Bad ideas are like garden weeds. The more you try to remove them, the more they become a part of your life. If you simply let them be and tolerate the discomfort they bring, you will have much more time to dedicate to the important roses of your life: independence, self-reliance, travel, passion, or peace.
You need to fight for what you feel is relevant in your life. Never compare yourself to others. Your roses, your values do not deserve to be mistreated.
Strategy planning and the path towards your values
The model of goals, actions, and barriers (Hayes, 1999) will help you organize your strategies to get closer to your goals, which will hopefully now be clarified for you through the metaphorical reflections mentioned above.
Identify important areas of your life (family, friends, leisure…, etc.) and create a valuable direction for each of them.
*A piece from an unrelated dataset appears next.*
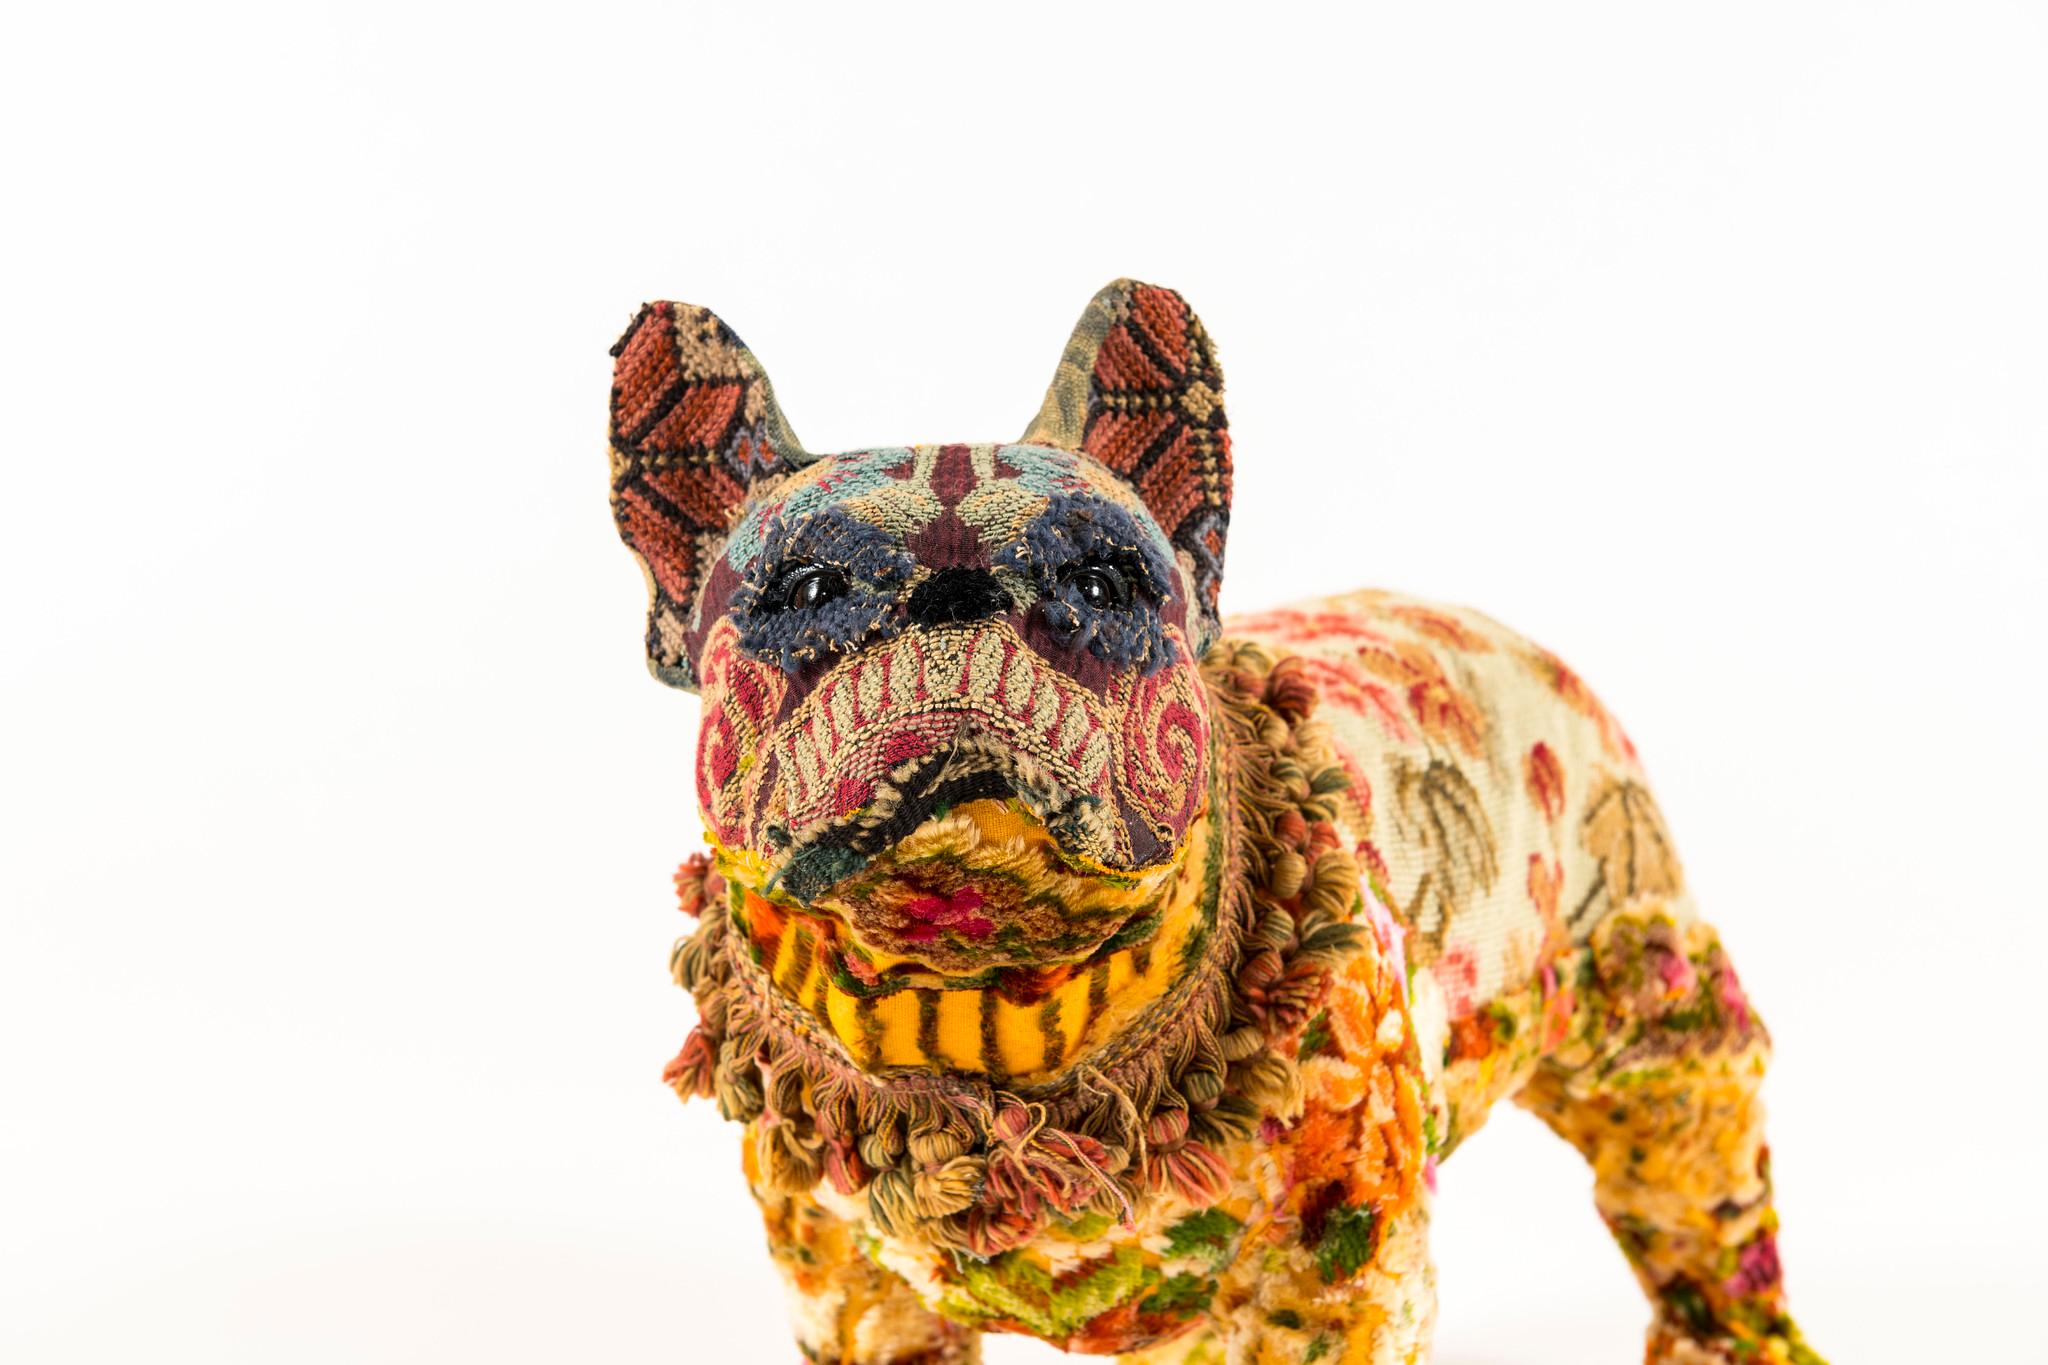 Maxie is flower embellished bull dog with a mix of bright textiles to include: 1940s floral needlepoint body; vintage cut chenille on underbody neck, and legs; vintage embroidery from costume on Maxie's face; antique fringe trim collar and face

Write down the actions you are willing to take to achieve your goals and also consider the obstacles (environmental or psychological) that stand in the way of your journey.
It is important to accept the counterparty, define long-term plans to achieve the goal (study, time management, agenda) and consider the obstacles that may make your journey difficult on your chosen path (insecurity, instability…).
And don’t forget to ask yourself another question as well. If you didn’t have this problem, what would you do in your life to be happy? Do you realize that your problems are tolerable when something else, something good is next to it?